=== MATERIAL PROVIDED ===

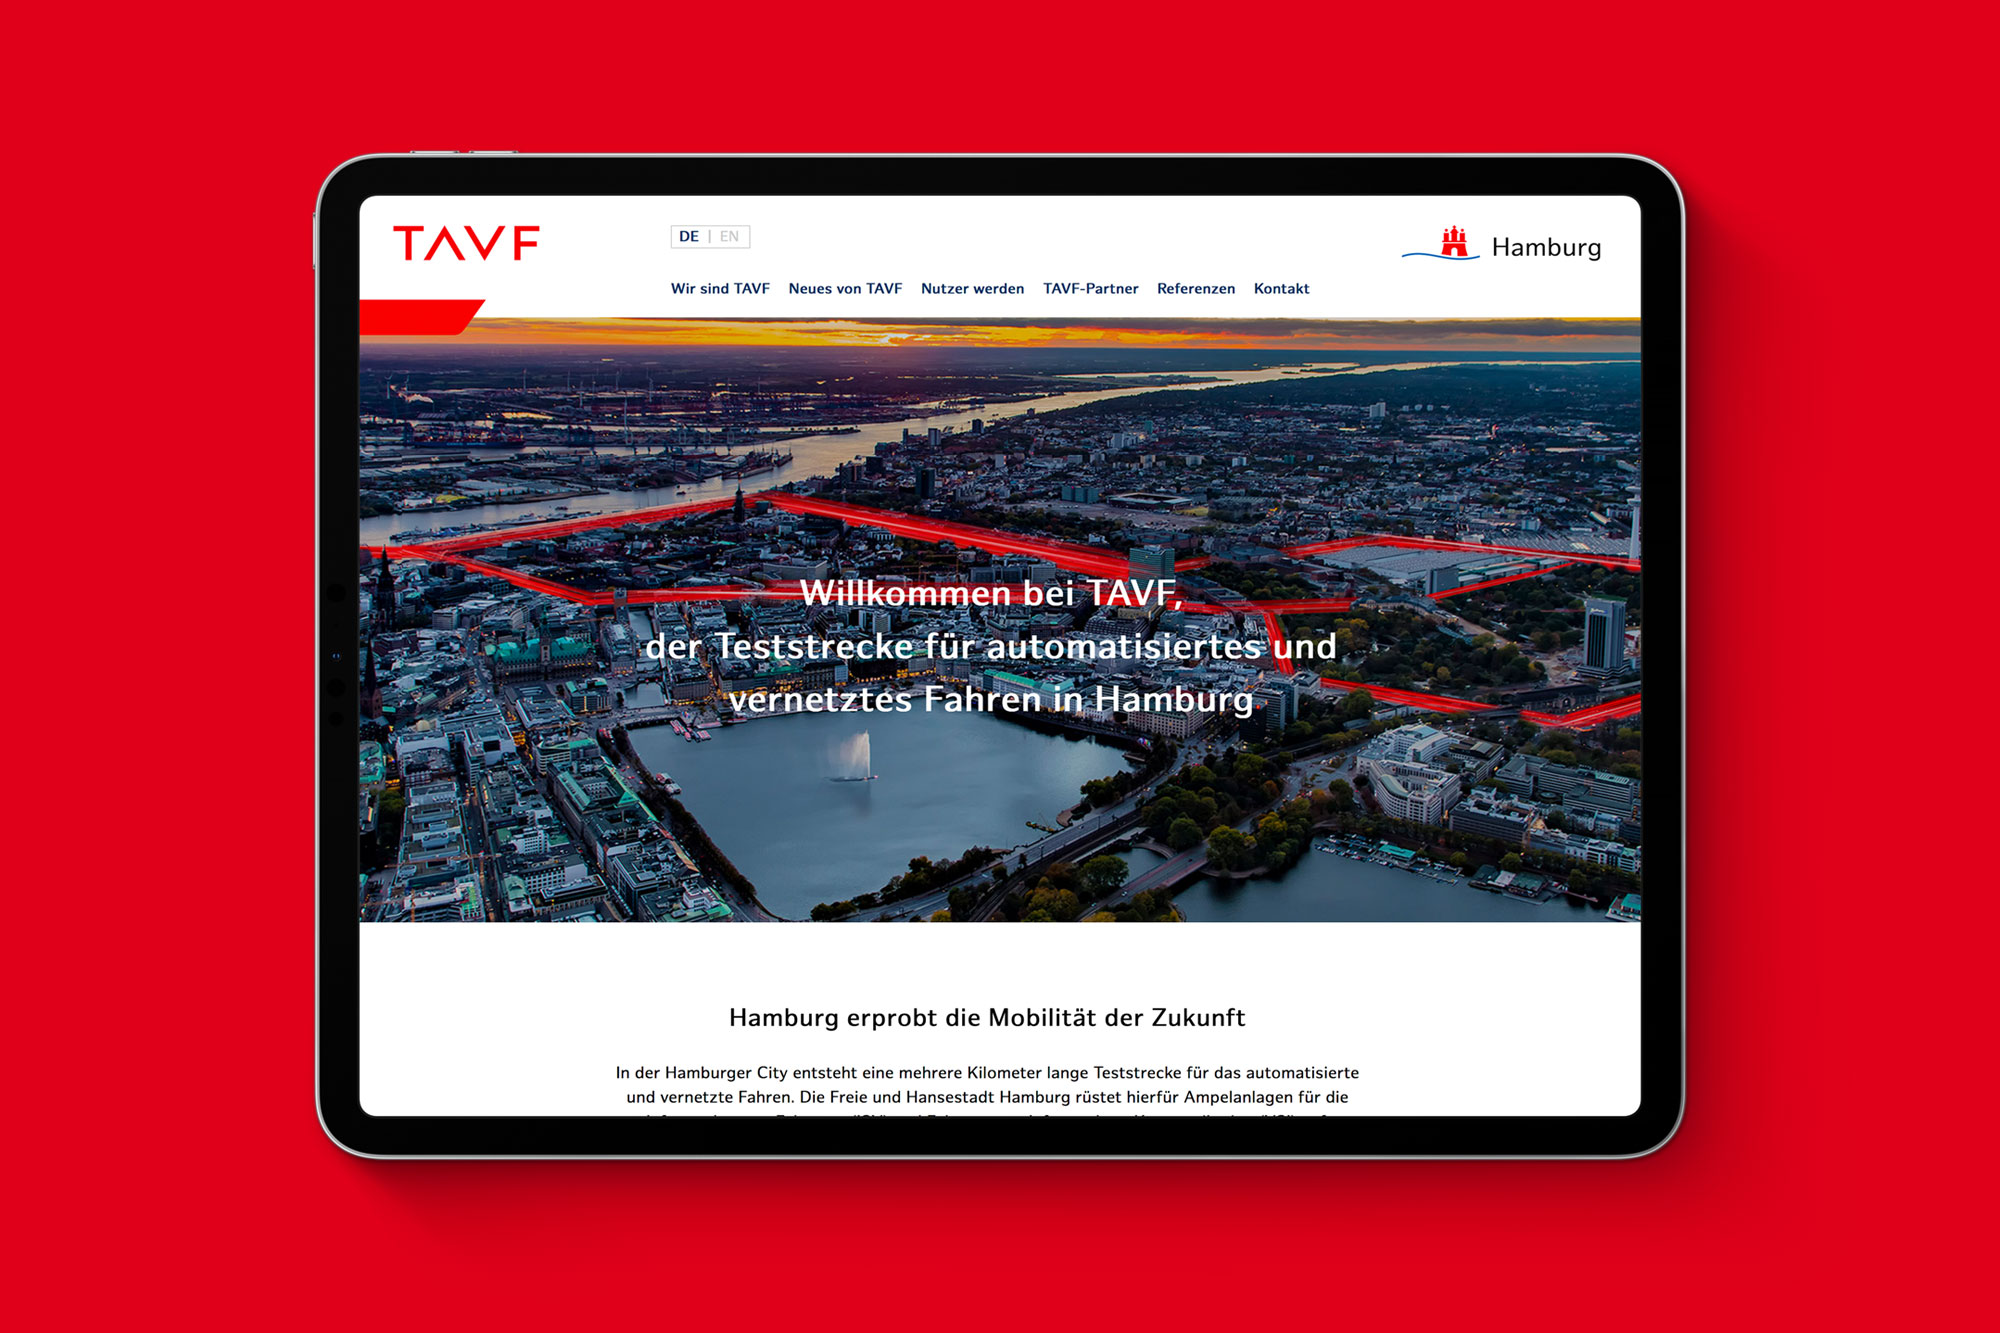 iPad on red background showing the website for TAVF - the test track for automated and connected driving in Hamburg.
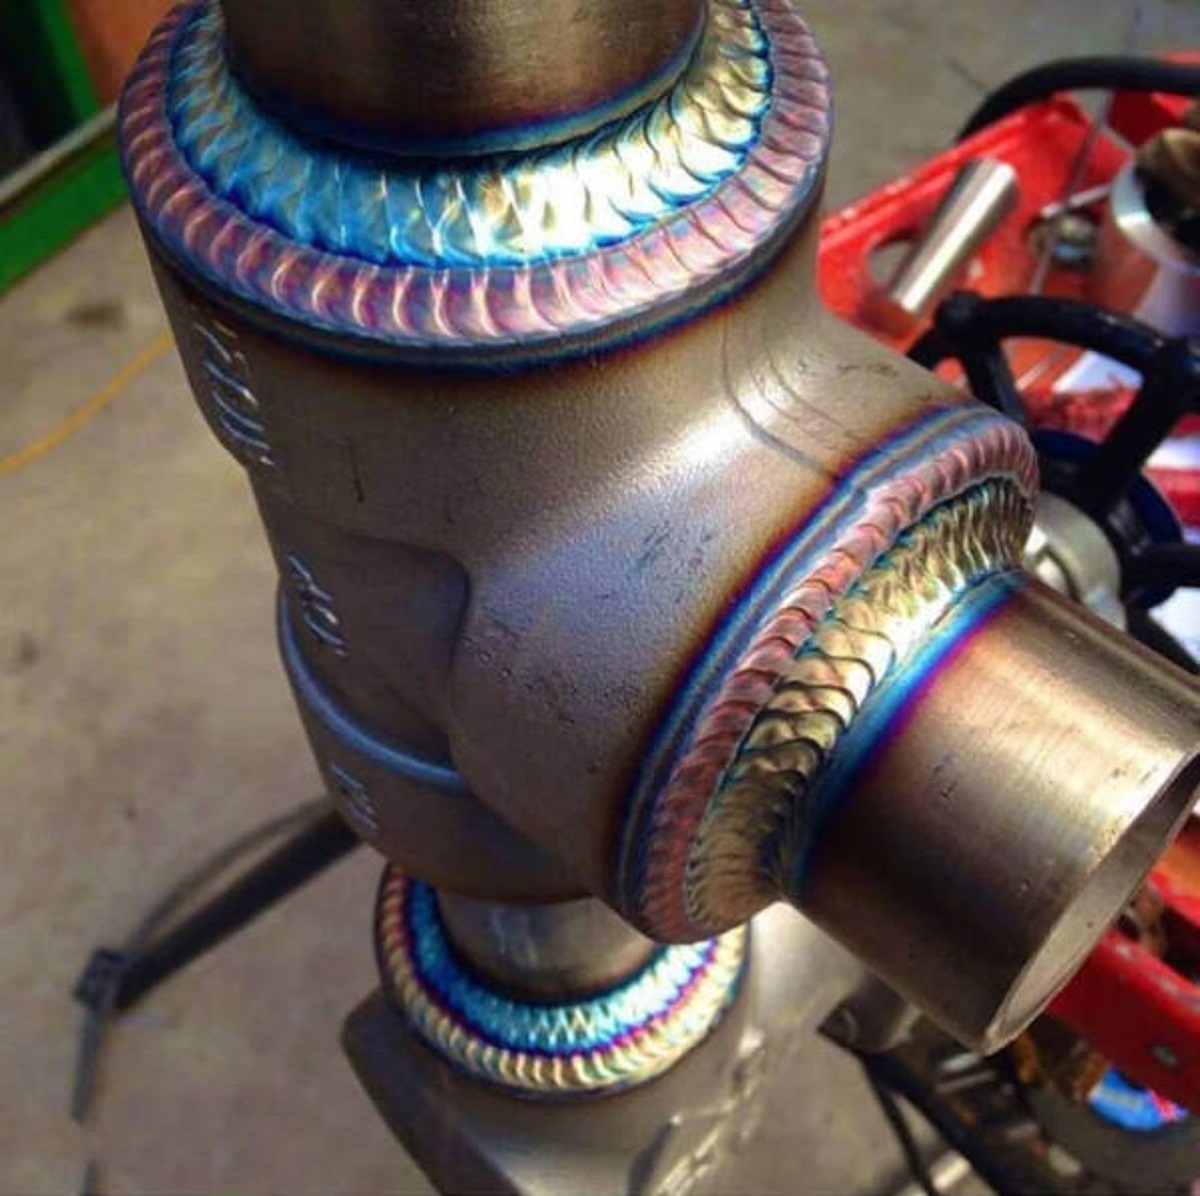 "The perfect weld bead from a master welder."
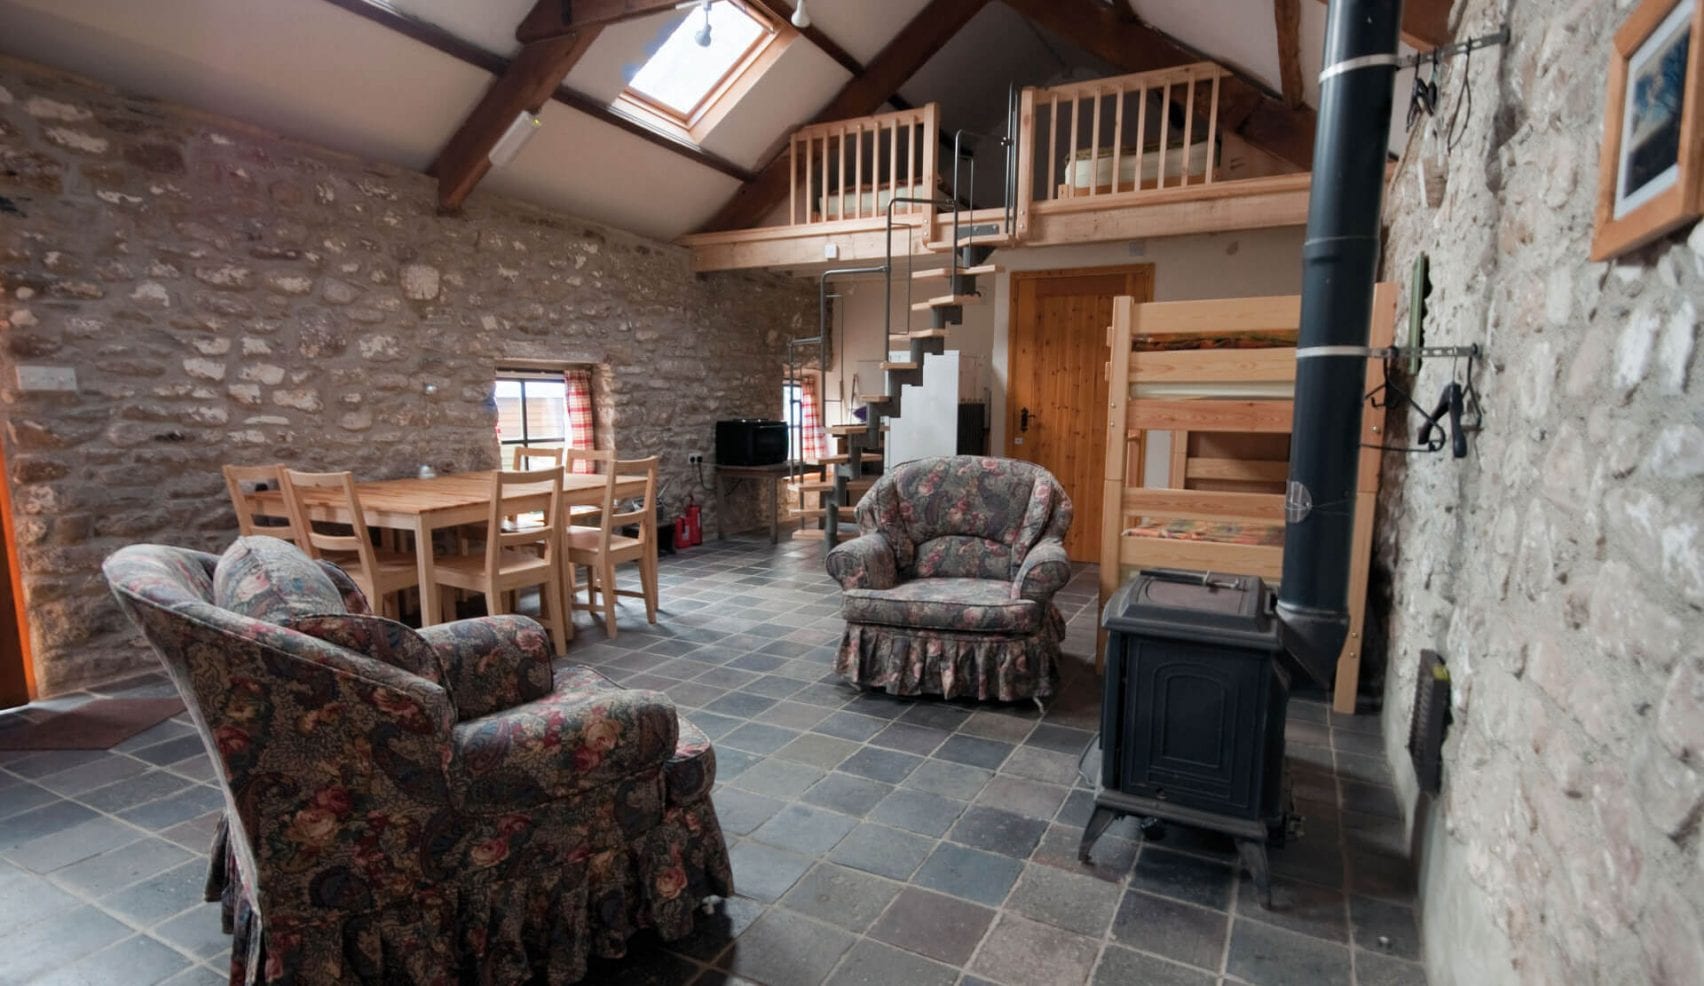 The Long Barn Self Catering Accommodation
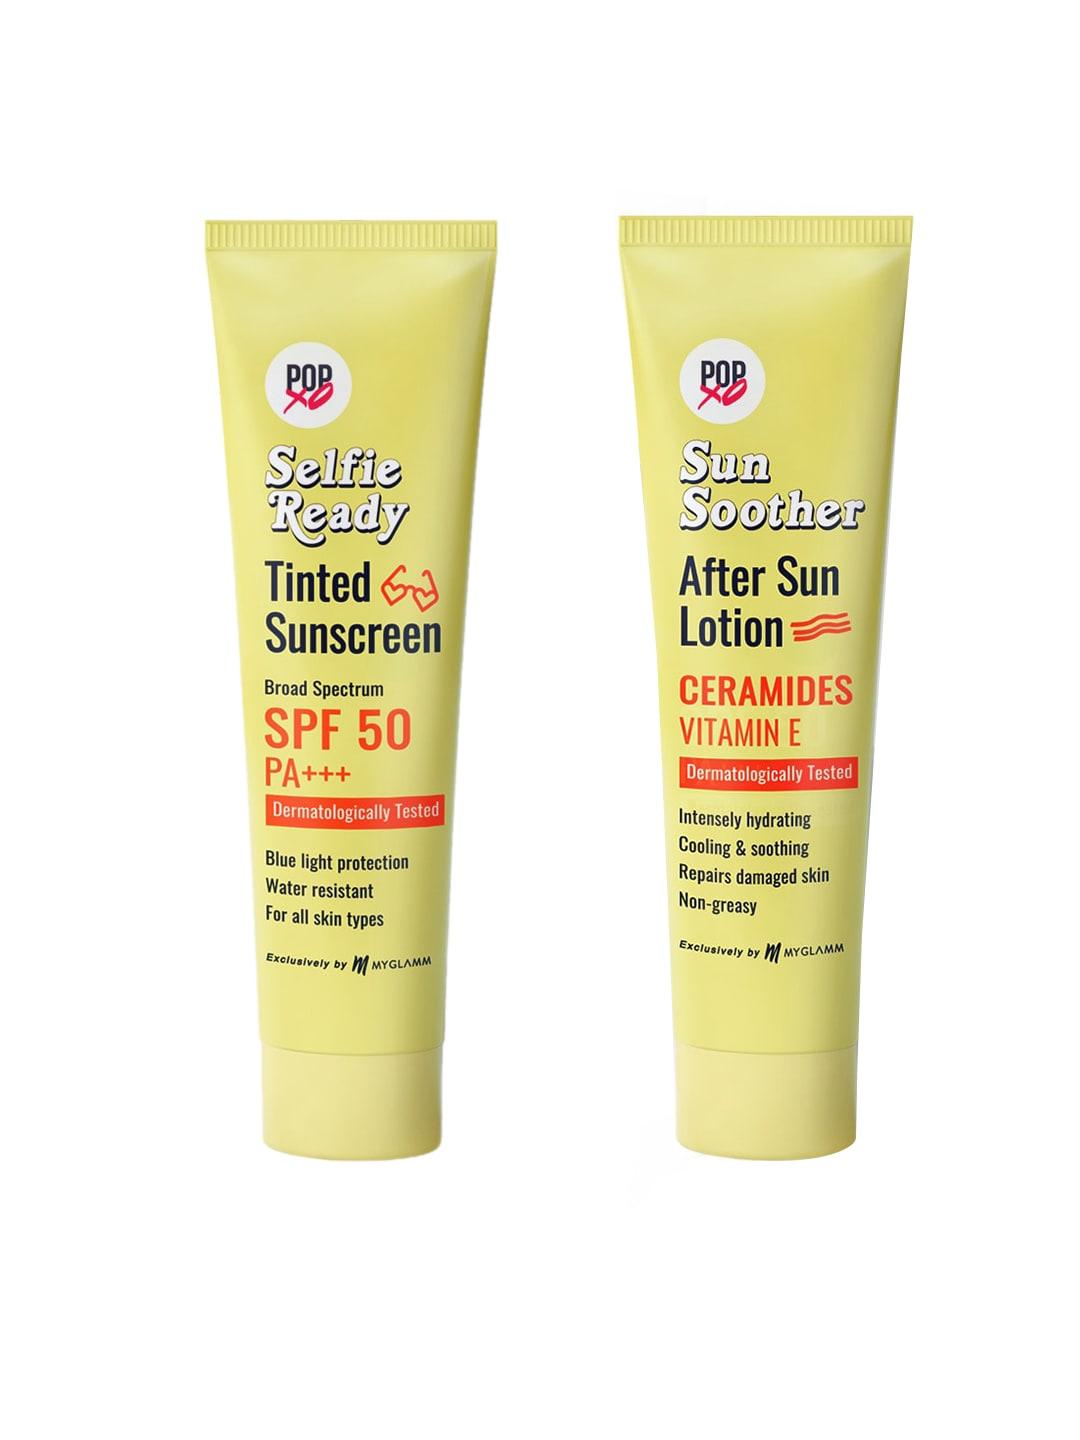 MyGlamm POPxo Sun Soother After Sun Lotion & Selfie-Ready Tinted Sunscreen Set - 30g each

===

Exclude the images, then output the data above word for word.

## ANSWER TO THE EXERCISE
 iPad on red background showing the website for TAVF - the test track for automated and connected driving in Hamburg.
 "The perfect weld bead from a master welder."
 The Long Barn Self Catering Accommodation
 MyGlamm POPxo Sun Soother After Sun Lotion & Selfie-Ready Tinted Sunscreen Set - 30g each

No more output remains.